Cubes – A Block World Framework [Update Preview]

@toolforger said: Hm. I don't see the ability to discuss individual lines of code on Sourceforge. Using SVN to interact with git seems unwise to me, SVN simply can't reasonably map git's data model. Unless your drive the repository entirely from SVN and never allow git-based write access to the repo. I think it would be hard to enforce that rule though, so with the first slip you risk getting something that SVN isn't really happy about when displaying the history.

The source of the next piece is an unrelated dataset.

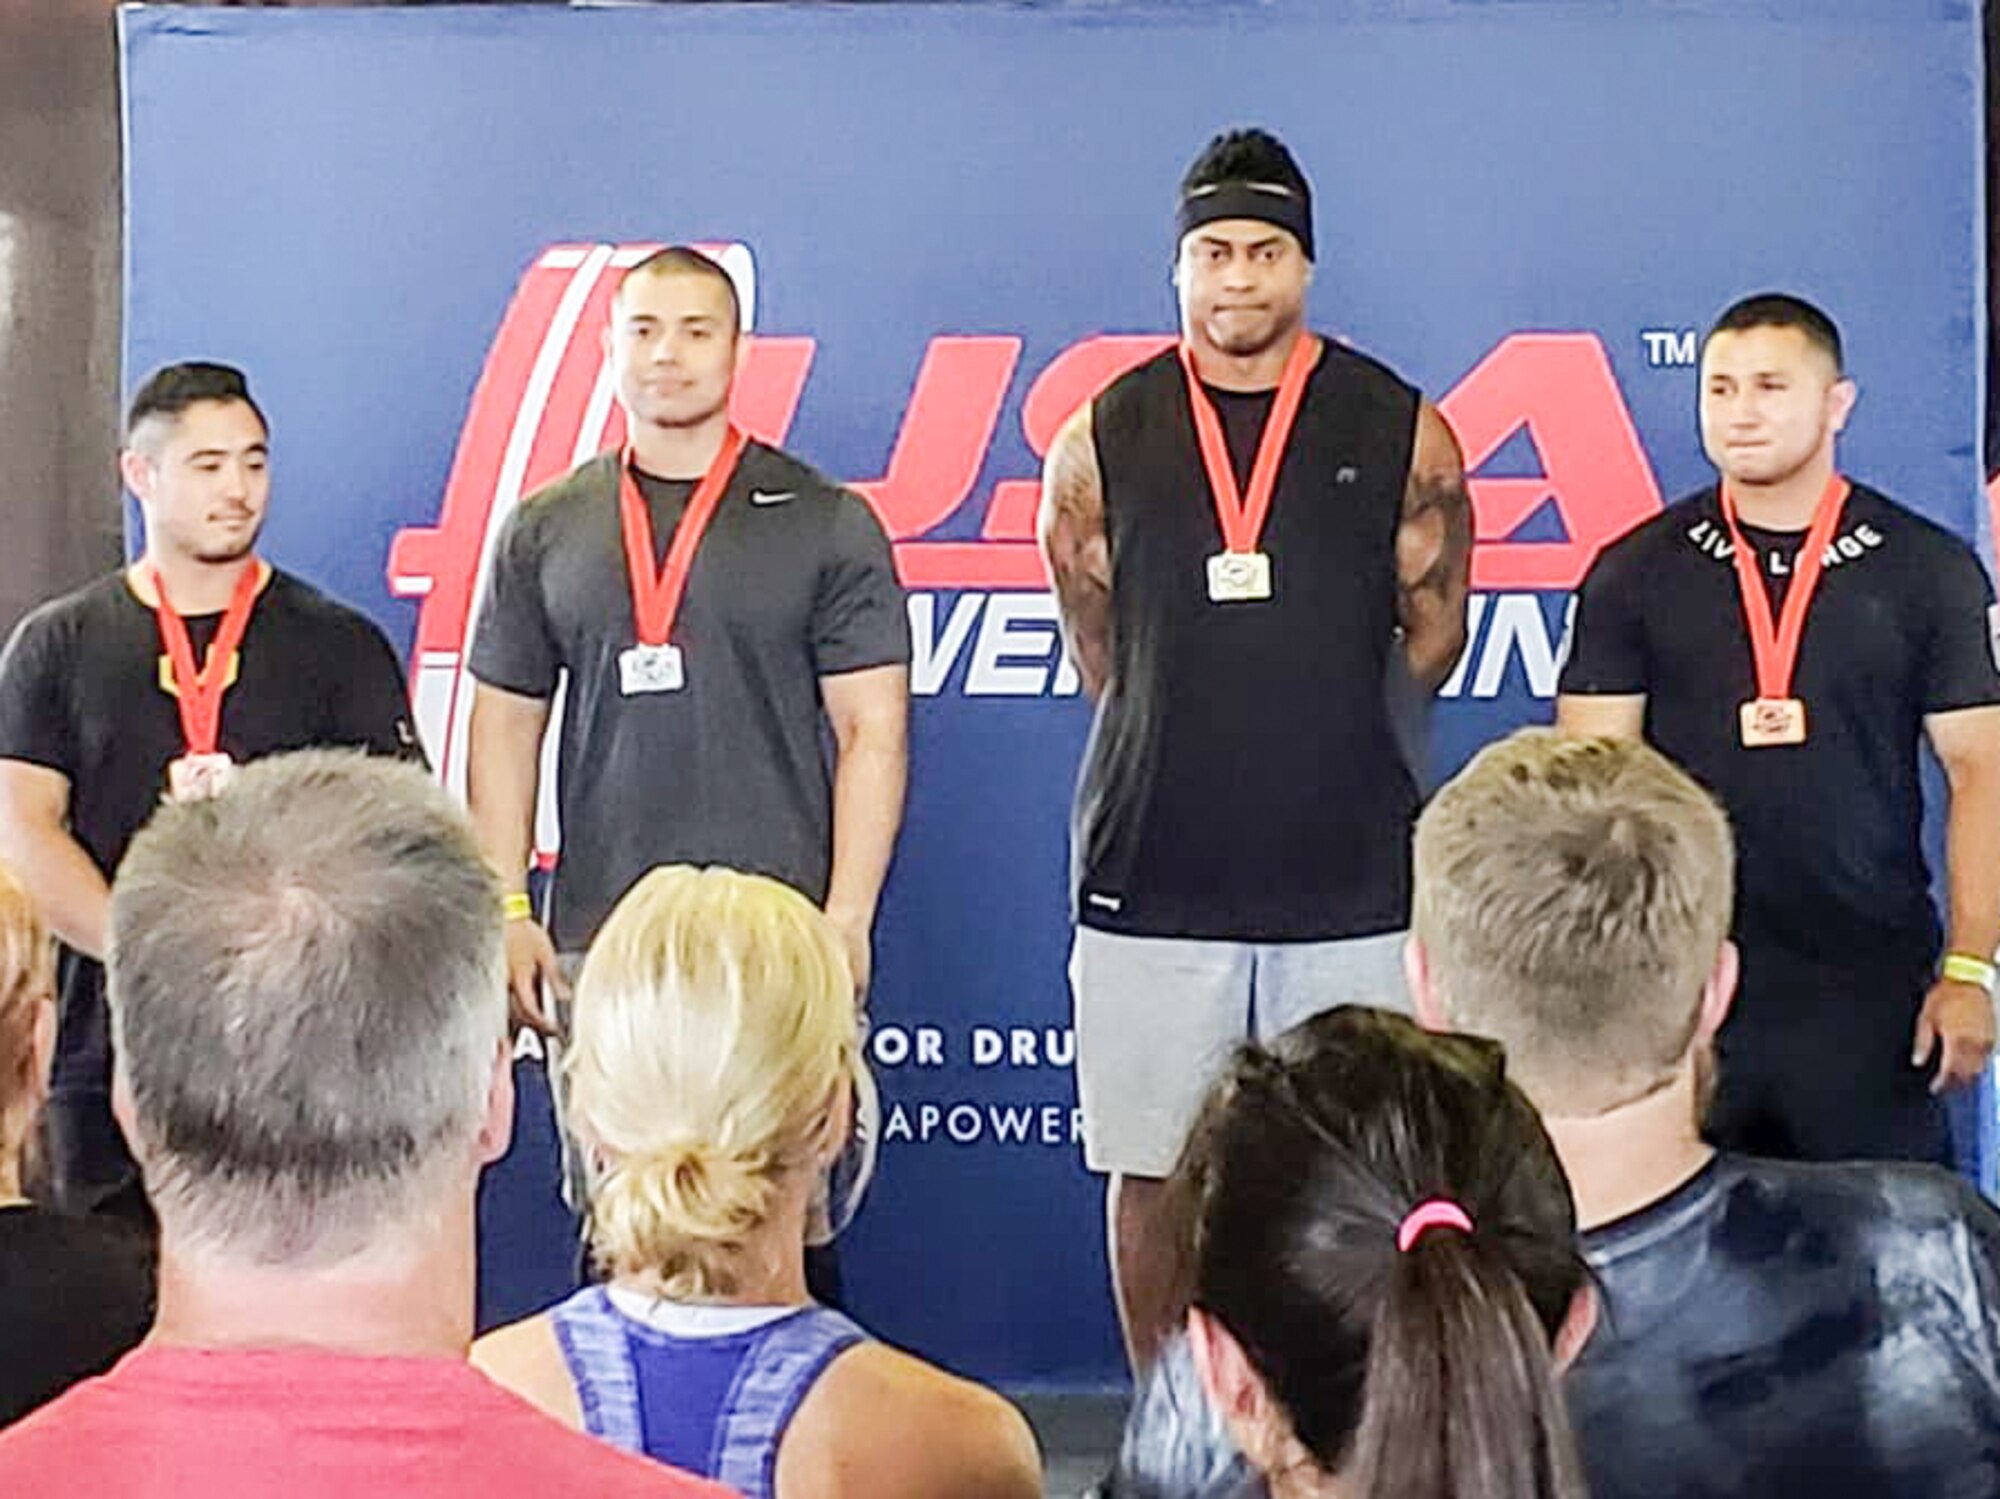 Staff Sgt. Christopher LaCour, second from left, a mission systems technican with the 225th Support Squadron, places second in the 93 kg weight class during the Northwest Regional USA Powerlifting Competition July 29, 2018.   LaCour qualified for Nationals in Spokane, Washington, Oct. 11-15, 2018.

The recommenation against SVN is mostly a question of contributions. SVN gets slightly less useful with each contributor with write access, that’s all; SVN is just fine if you don’t have contributors and never experiment with ideas that you plan to scrap, or that you want to experiment with in parallel to normal ongoing work. (SVN is really bad at merging different branches. Or, rather, git and mercurial had to be top-notch on the merge tools due to their decentralized approaches, which turned out to be really essential even if you don’t do decentralized development, so now SVN is far behind.)

“Hi, I haven’t read anything about the integration but I’d be glad to offer detailed opinions.”

Thanks for the input. I will continue to use SVN to commit changes to JME.

https://code.google.com/p/cubesmod/

Is the new project page. More accurately, Google Code Archive - Long-term storage for Google Code Project Hosting.
is where the modifications can be found. Clicking the “view raw file” link should cause it to download…

@echospot said: Just make a Dropbox acct. and upload the zip to your public files :D

I’ve had some bad experiences with dropbox… I’d… shudder… rather not talk about it.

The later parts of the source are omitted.